Review and remove unhelpful content
If you have observed low visibility of your sites and you suspect it might be due to Google’s updated algorithms, you can start by removing the unhelpful content. Unhelpful content is likely to fare worse in rankings and might be found down on the results page. By removing them and adding improved content, Google’s AI model can reclassify your site’s content to be helpful again in just a few months.
Google has also mentioned that removing unhelpful content on your site could help to improve the ranking of your other content. Thus, it is pertinent to constantly review content on your sites, even on pages that might appear to be less frequented by users.
Ensure a great user experience (UX)
Having a site that is informative and easy to navigate is key in enabling a satisfying experience for users on your web. Try to include a menu that can facilitate your site users in accessing subpages they are interested in, as well as visual elements like images and videos that can help to improve their understanding of your content.
Where many today access content on their mobile phones, ensure your site is optimised for mobile devices and has minimal loading times to avoid user disruption.

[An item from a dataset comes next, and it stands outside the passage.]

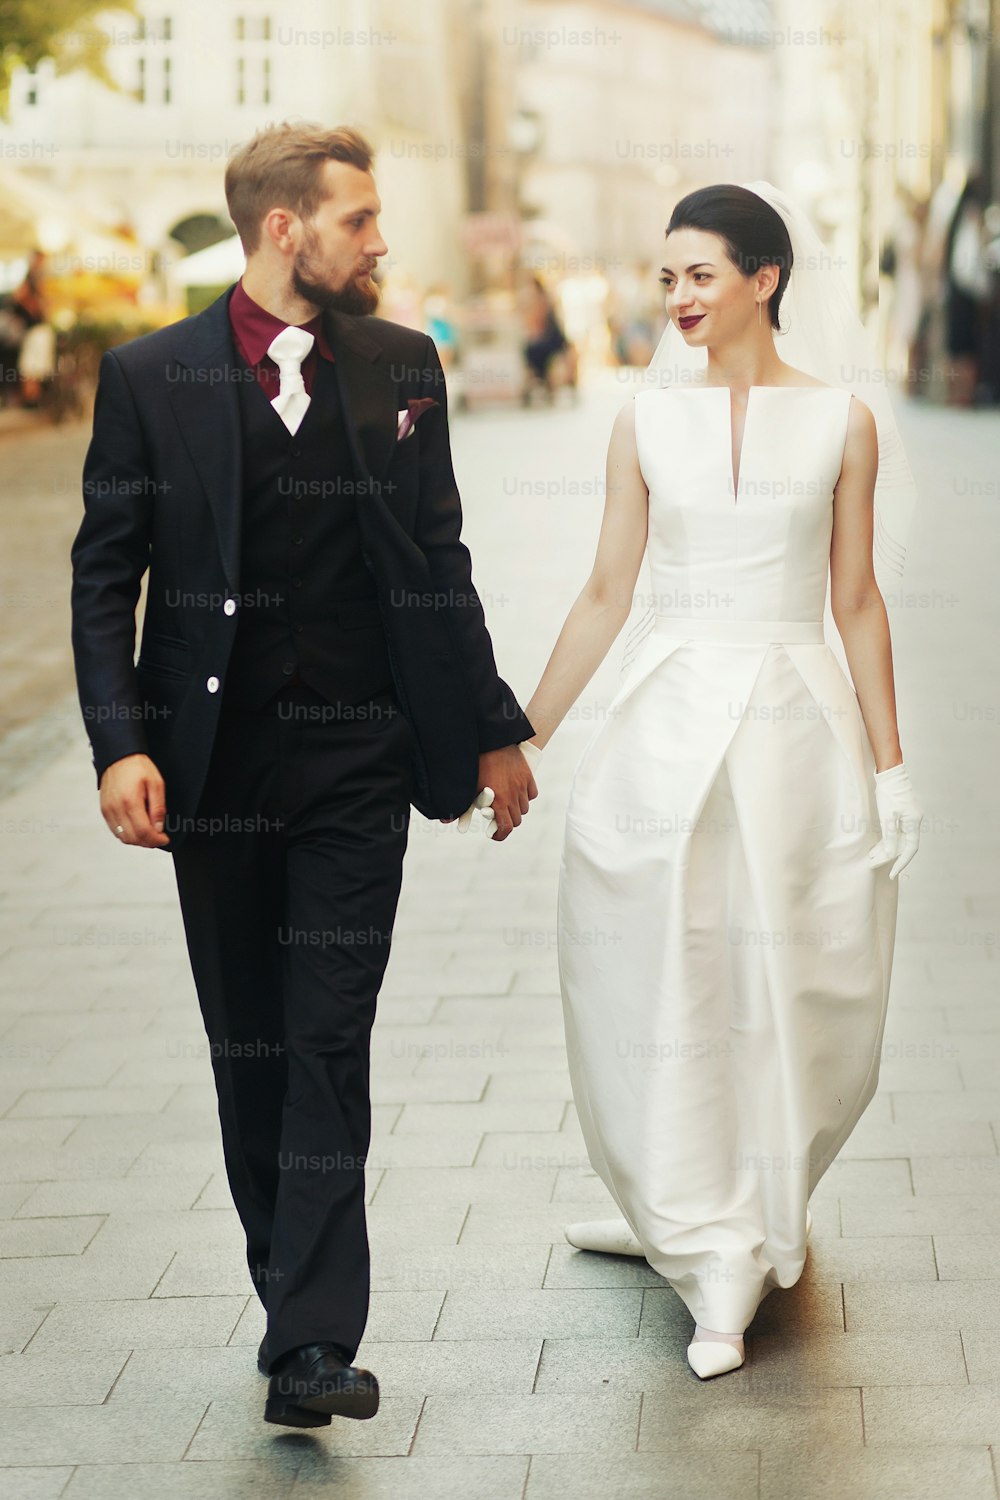 手をつないで街の通りを歩く豪華な結婚式のカップル。エレガントでゴージャスな花嫁とスタイリッシュな新郎の笑顔。レトロなスタイル。ロマンチックなひととき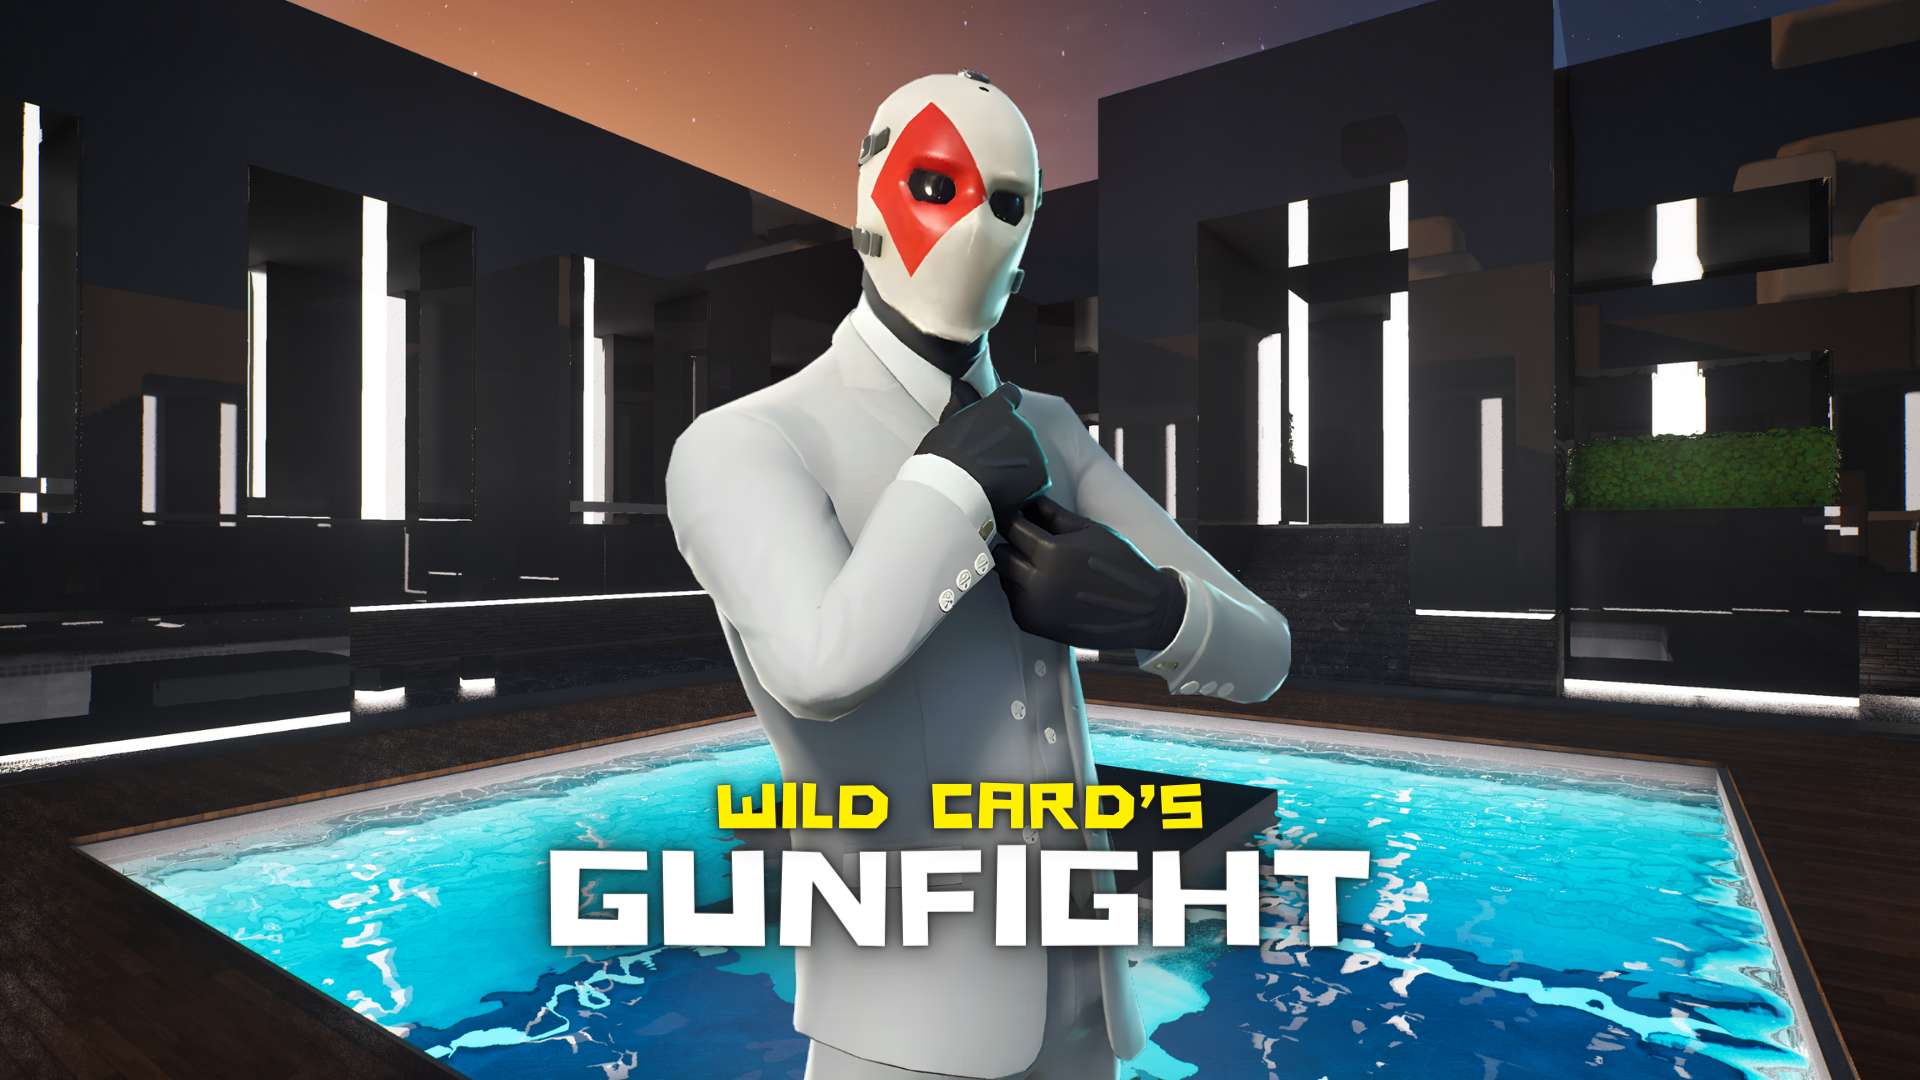 🎲 WILD CARD'S GUNFIGHT

Keep in mind Google’s guidance for Core Updates & Product Reviews
Core updates refer to any significant and broad changes that Google makes to their search algorithms and systems. By staying updated with Google’s guidance, you’ll be sure to never miss an important update like this one – so that your content can always be in tune with what Google is looking out for.
For Product Reviews, Google lists some best practices for businesses to help shoppers better evaluate your products from review pages. This could include outlining differences between your product from your competitors’, providing links to other helpful resources that could aid your audience in their purchase decision, as well as providing evidence – photos, videos, audio – to support your review’s authenticity and veracity.
Certainly, this helpful content signal is only one of many other signals that Google evaluates in ranking sites on its pages. However, this newly-added ranking signal will impact all search results, and businesses must stay on top of this to ensure that your well-crafted sites maintain high organic visibility.
Start reviewing the content that you put on your sites today. With helpful content, your site is likely to receive a site-wide ranking boost, amplifying your organic marketing efforts.